Решебник по алгебре и начала математического анализа 11 класс Колягин Задание 21

\[1)\ y = \sin\sqrt{|x|}\]

\[\sin\sqrt{|x|} = 0\]

\[\sqrt{|x|} = \pi n\]

\[|x| = \pi^{2}n^{2}\]

\[x = \pm \pi^{2}n^{2}.\]

\[Найдем\ разность:\]

\[\pi^{2} \bullet 3^{2} = 9\pi^{2}\]

\[\pi^{2} \bullet 2^{2} = 4\pi^{2}\]

\[\pi^{2} \bullet 1^{2} = \pi^{2}\]

\[T_{1} = 9\pi^{2} - 4\pi^{2} = 5\pi^{2};\]

\[T_{2} = 4\pi^{2} - \pi^{2} = 3\pi^{2}.\]

\[Что\ и\ требовалось\ доказать.\]

\[2)\ y = \sin x + \sin{\sqrt{2}x}\]

\[y(x + T) = y(x);\]

\[\sin(x + T) + \sin\left( \sqrt{2}x + \sqrt{2}T \right) =\]

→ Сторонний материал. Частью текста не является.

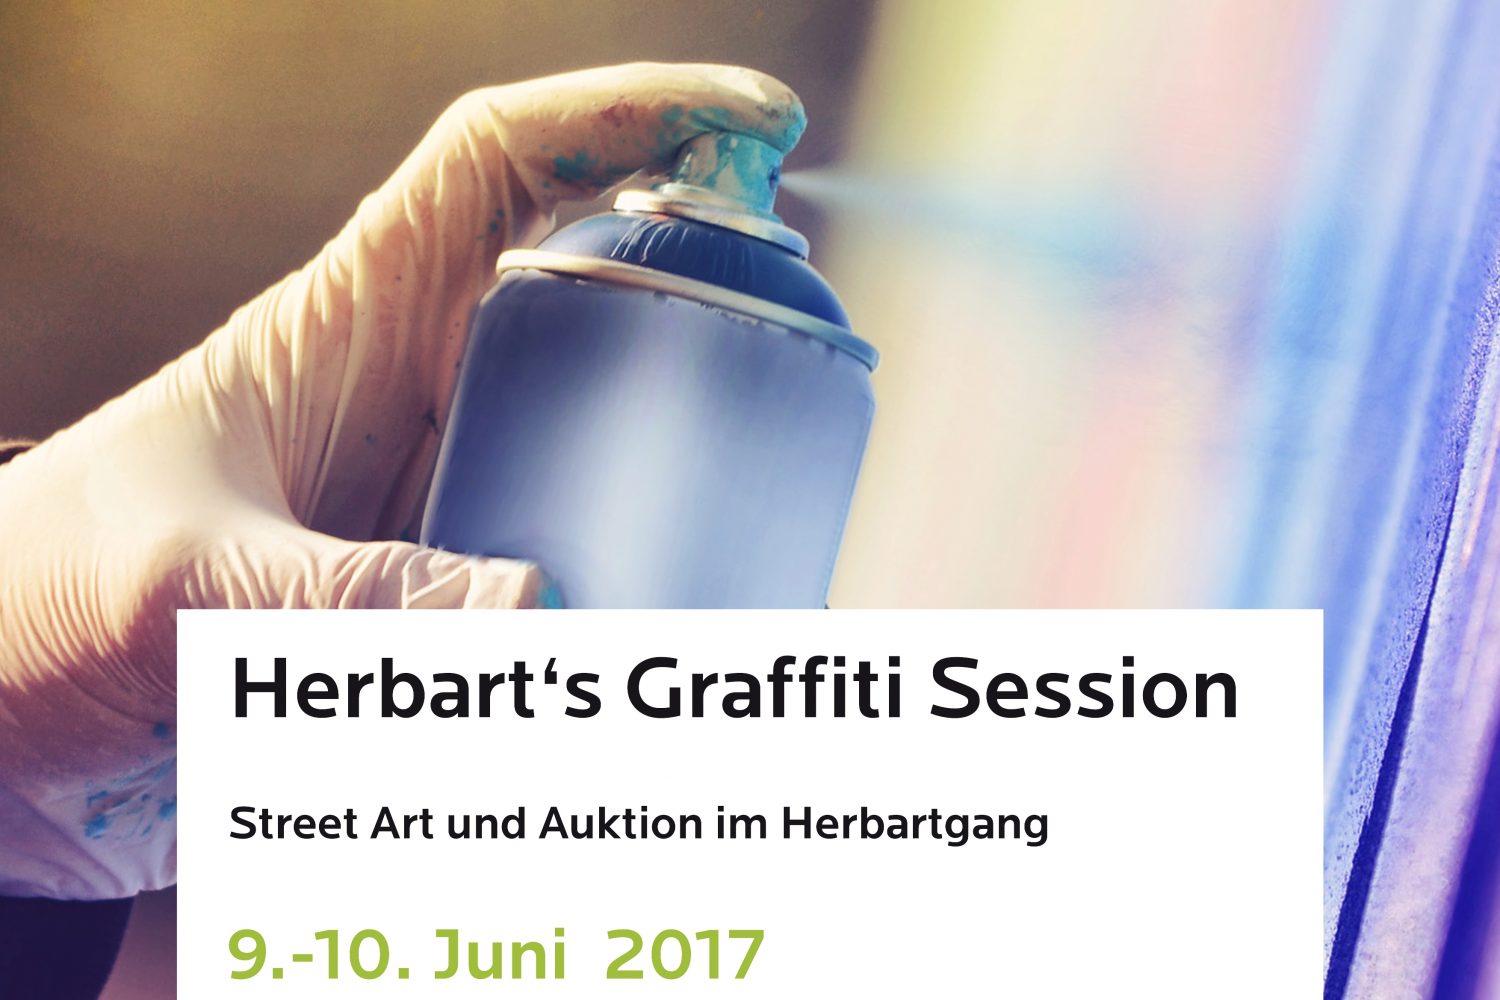 Herbart's Graffiti Session

\[= \sin x + \sin{\sqrt{2}x}\]

\[T_{1} = 2\pi;\ \ \ T_{2} = \frac{2\pi}{\sqrt{2}};\ \ \ \]

\[nT_{1} = kT_{2}.\]

\[2\pi n = \frac{2\pi k}{\sqrt{2}}\]

\[n = \frac{k}{\sqrt{2}} \notin Z.\]

\[Что\ и\ требовалось\ доказать.\]